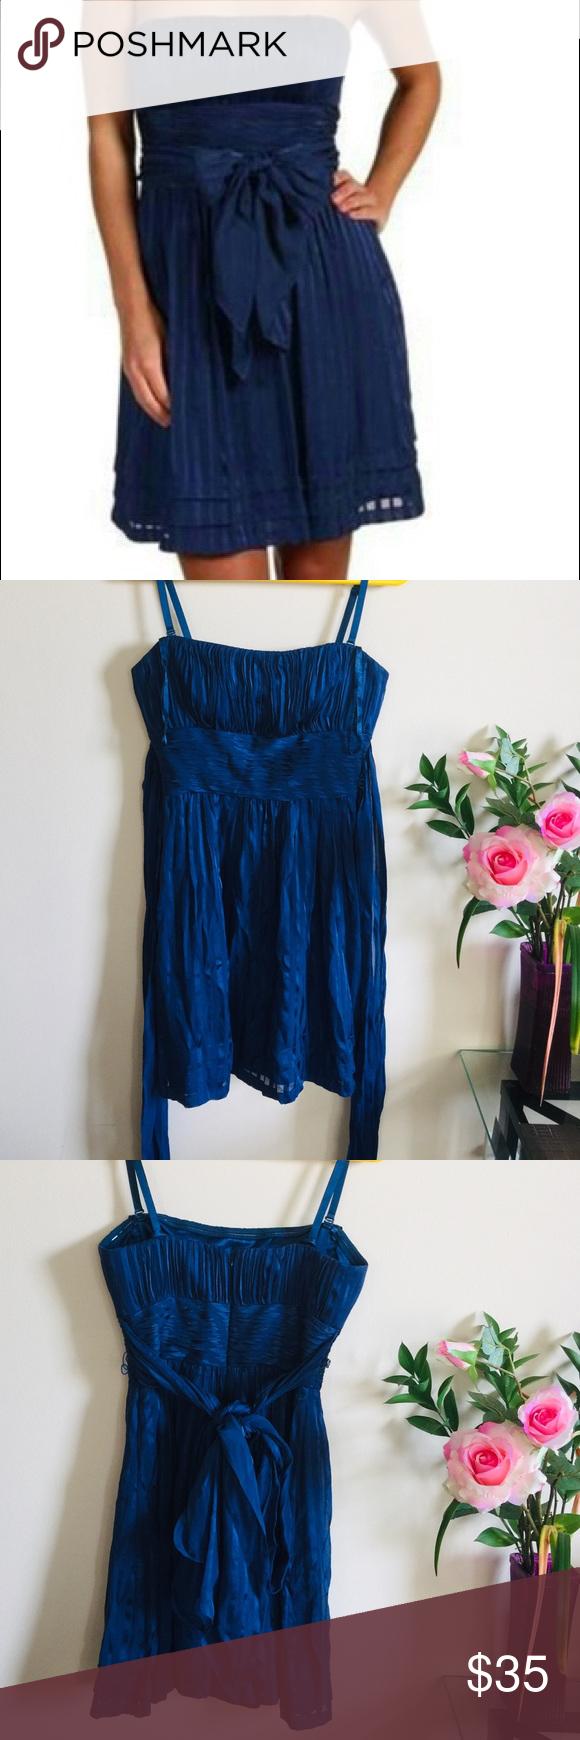 BCBGMAXAZRIA DRESS!! Size-04 Excellent condition!! Navy blue silk short dress! BCBGMaxAzria Dresses Mini #navyblueshortdress
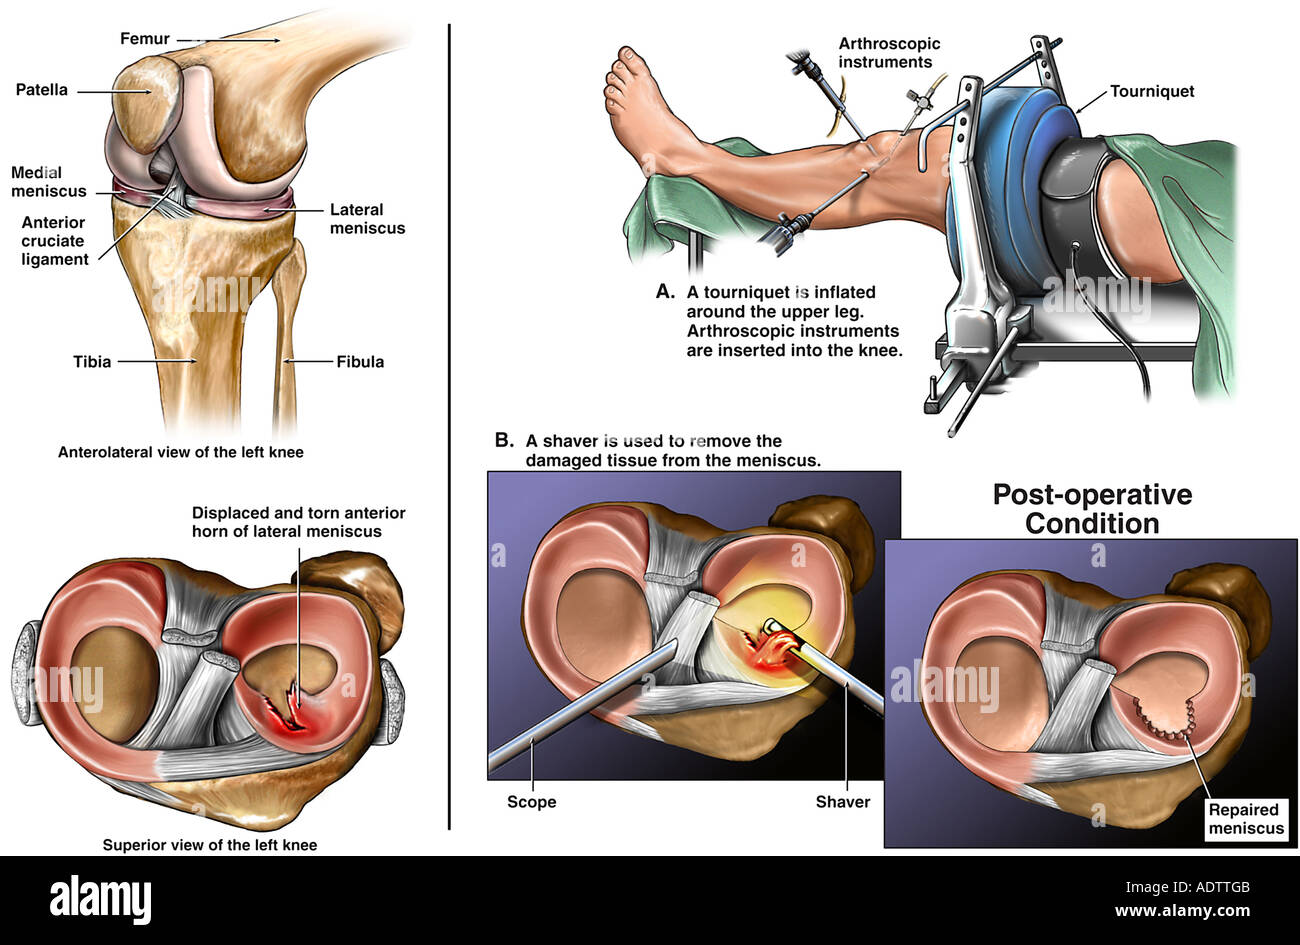 Cartilage Tear Stockfotos & Cartilage Tear Bilder - Alamy
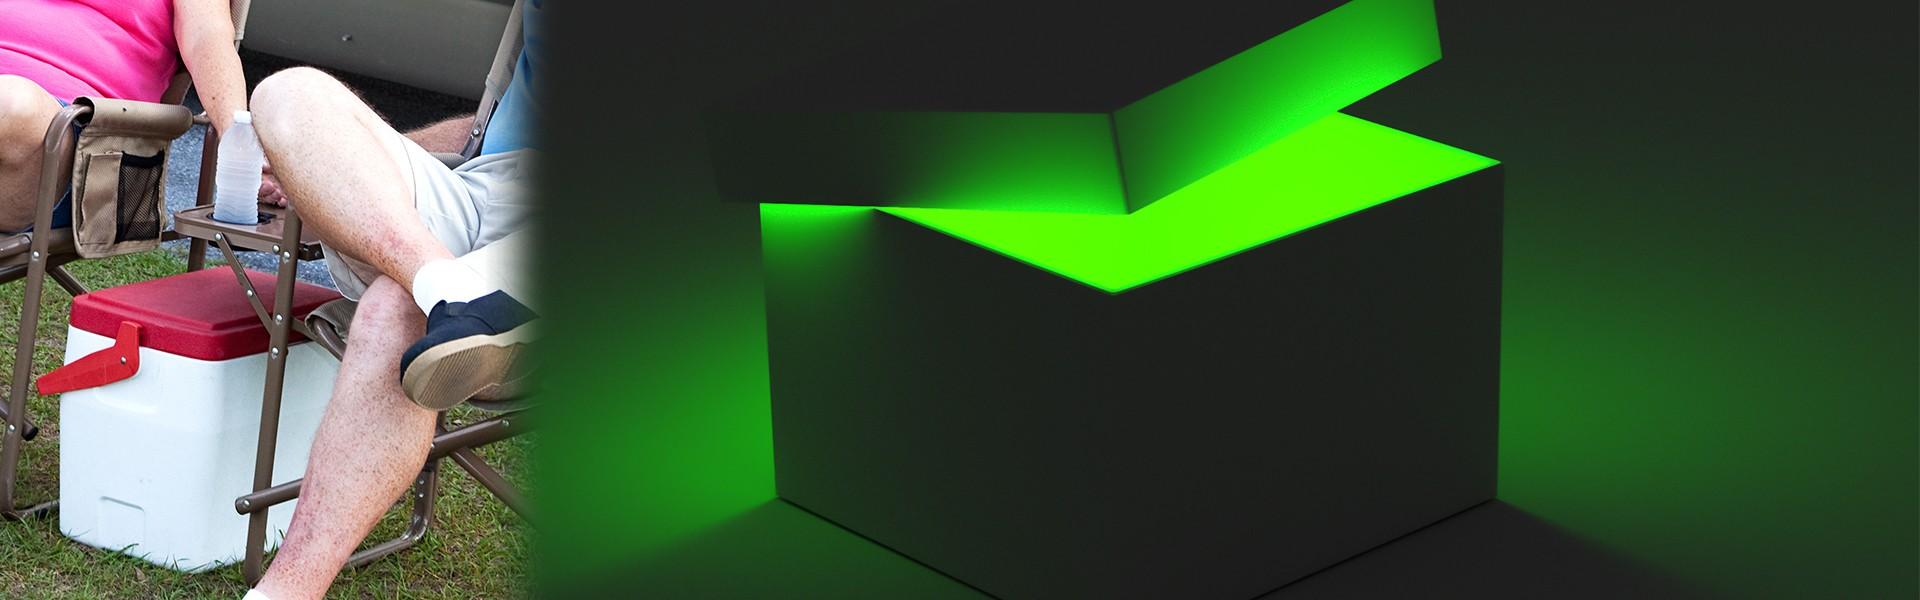 glowing green cooler

# # #

- What is required: Print the complete listing exactly as it stands, without its pictures.

- Task answer:
 BCBGMAXAZRIA DRESS!! Size-04 Excellent condition!! Navy blue silk short dress! BCBGMaxAzria Dresses Mini #navyblueshortdress
 Cartilage Tear Stockfotos & Cartilage Tear Bilder - Alamy
 glowing green cooler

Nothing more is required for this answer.